Simplicity: It abstracts away many of the lower-level details that you'd need to manage with boto3.
Consistency: It provides a consistent interface for various SageMaker operations.
Integration: It integrates well with other SageMaker features and workflows.

However, we have seen that method already. So in this lab we are going to create the endpoint configuration and the endpoint separately so you can see both methods. This does mean we are going to be using boto3 for this more explicit deployment.


In [None]:
# Create Endpoint Config

endpoint_config_name = "house-price-endpoint-config"

create_endpoint_config_response = sagemaker_client.create_endpoint_config(
    EndpointConfigName=endpoint_config_name,
    ProductionVariants=[{
        'InstanceType': 'ml.m5.large',
        'InitialVariantWeight': 1,
        'InitialInstanceCount': 1,
        'ModelName': model_name,
        'VariantName': 'AllTraffic'
    }]
)

print(f"Endpoint configuration created: {create_endpoint_config_response['EndpointConfigArn']}")

To check we successfully created an endpoint configuration, lets switch browser tabs to our AWS Management Console which should be open at SageMaker AI. In the navigation bar on the left, click on Inference and then endpoint configurations and you will see your newly created endpoint config.

At this point, we have only defined the configuration of an endpoint, not an endpoint itself. We still need to create an endpoint that references this endpoint configuration.
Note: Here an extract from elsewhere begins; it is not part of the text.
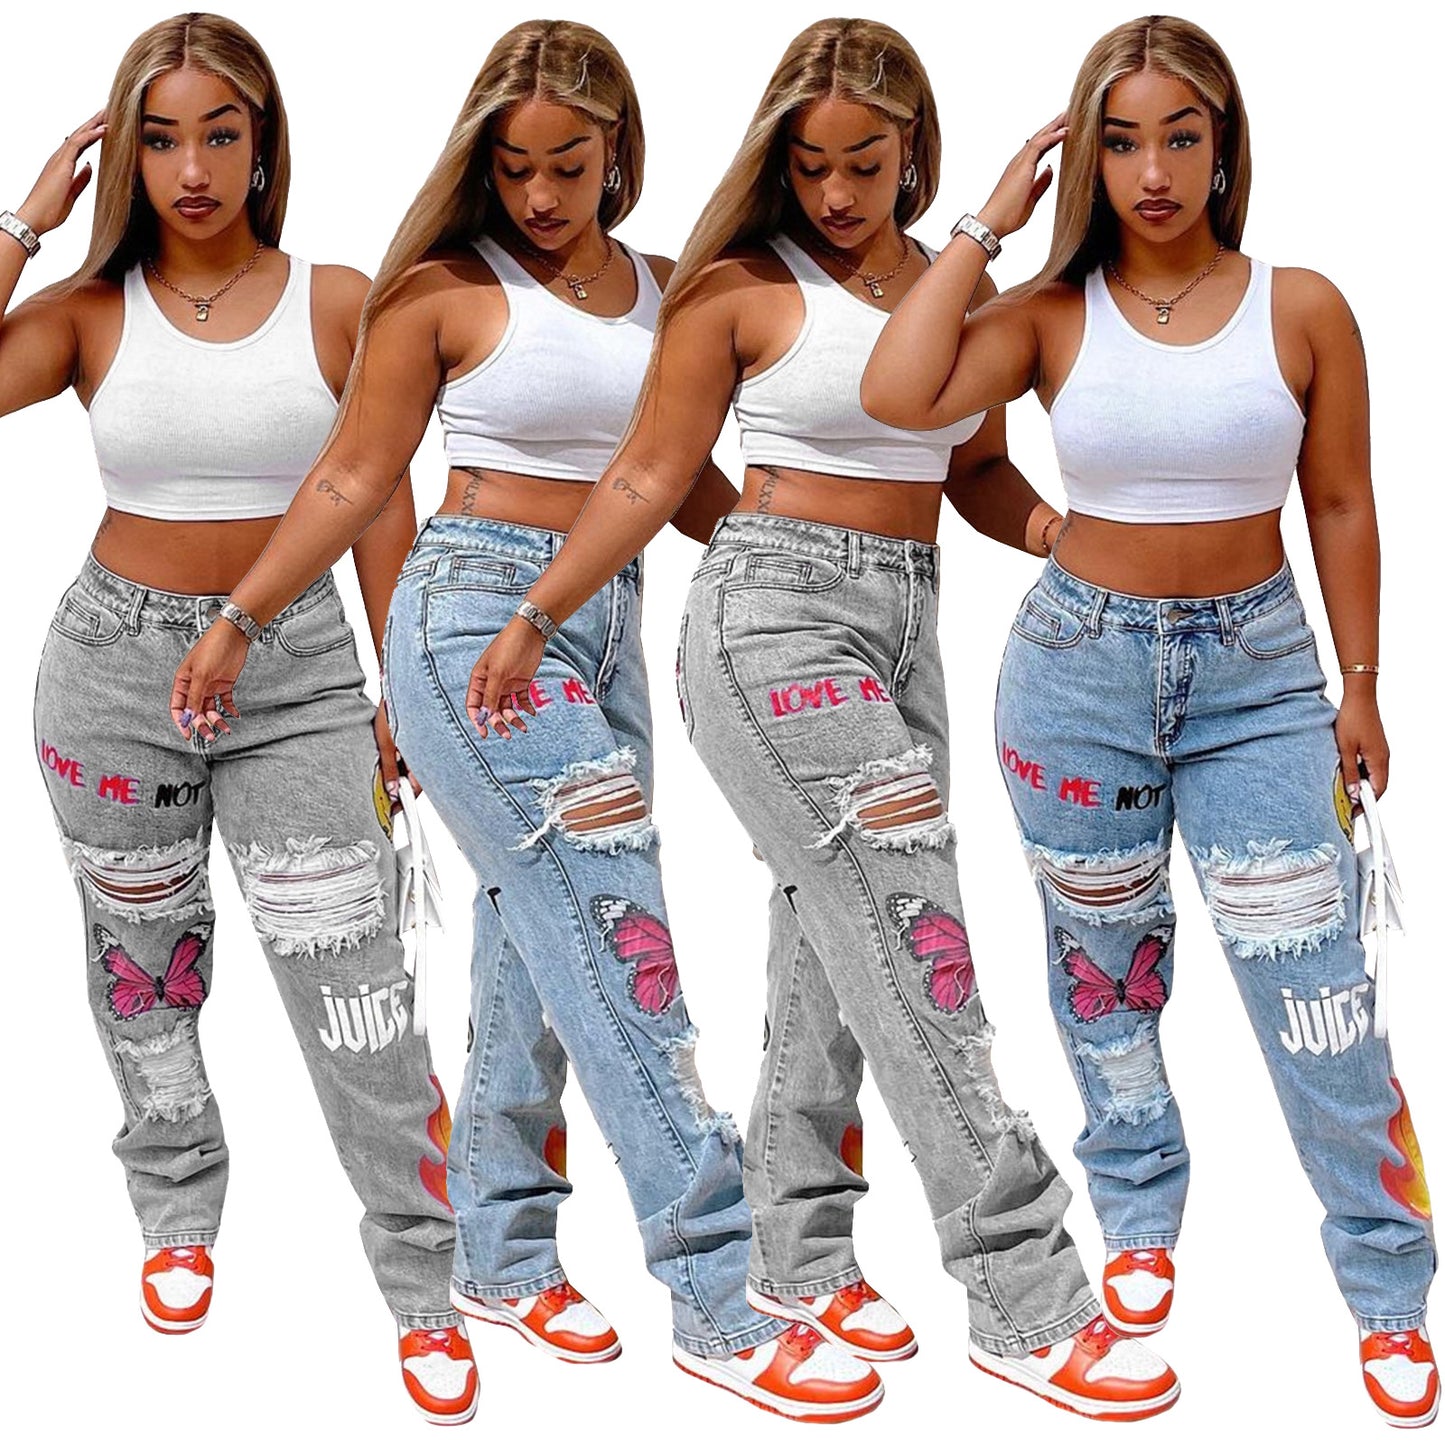 Women's Digital Positioning Print Ripped Fashion Jeans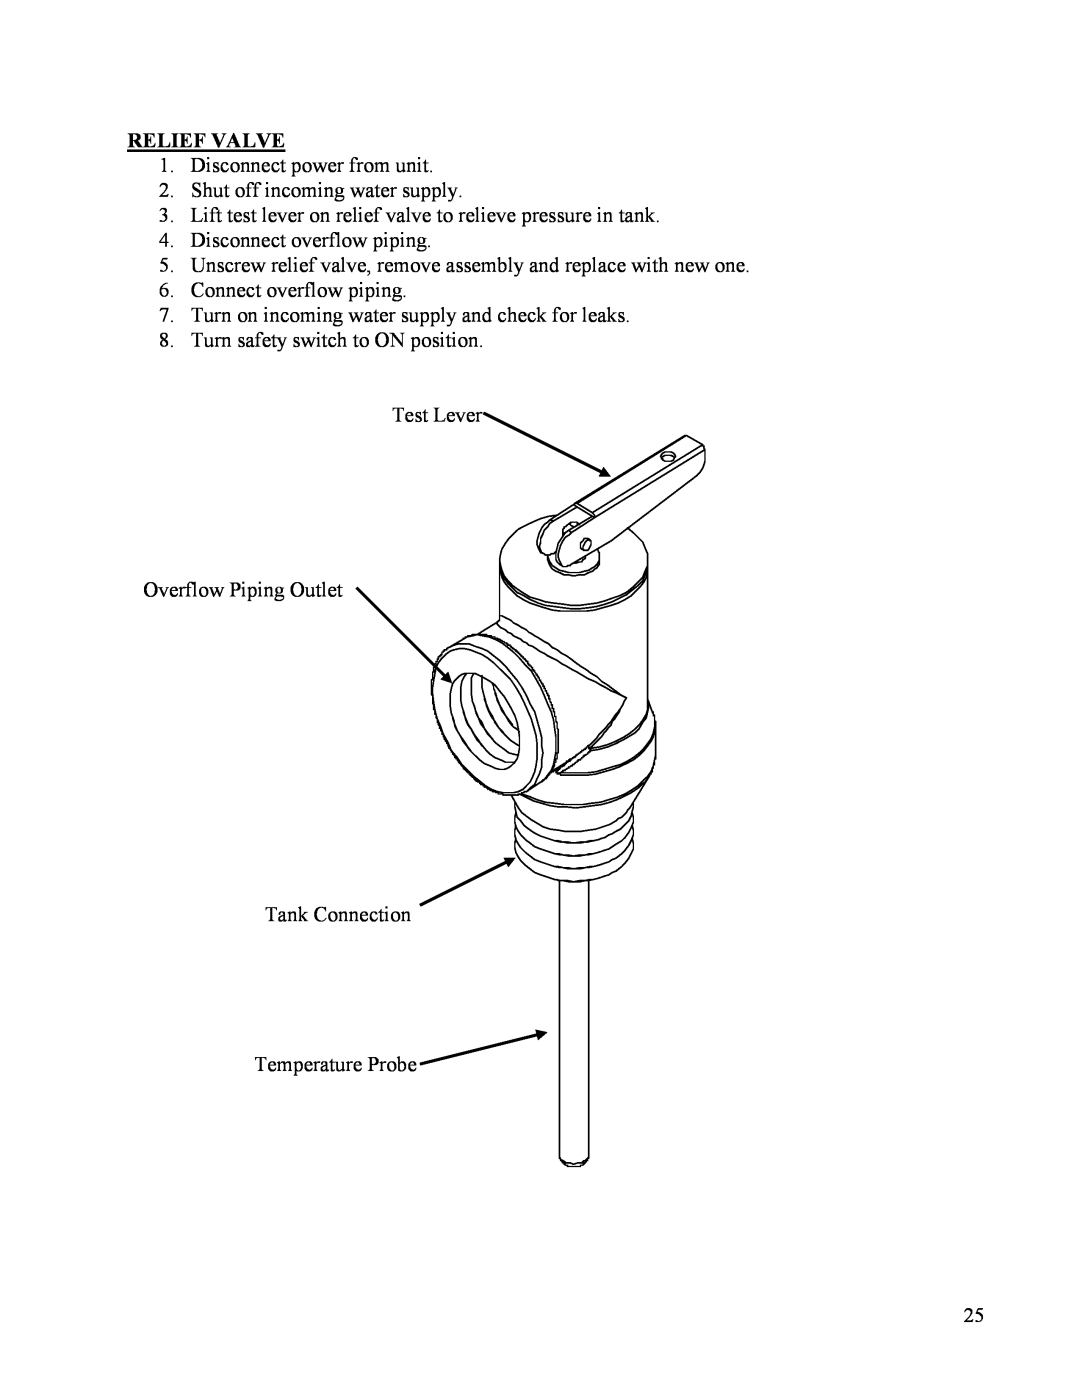 Hubbell Electric Heater Company MSE manual Relief Valve

In the future you may wish to update an endpoint to swap it over to a new alternative endpoint configuration.


## Step 6: Create the Endpoint
The endpoint is the actual service that serves predictions using your deployed model.
This can take up to 10minutes to create and be reported as InService.

In [None]:
# Define endpoint name
endpoint_name = 'house-price-prediction-endpoint'

# Create the endpoint
sagemaker_client.create_endpoint(
    EndpointName=endpoint_name,
    EndpointConfigName=endpoint_config_name
)
print(f'Creating endpoint: {endpoint_name}')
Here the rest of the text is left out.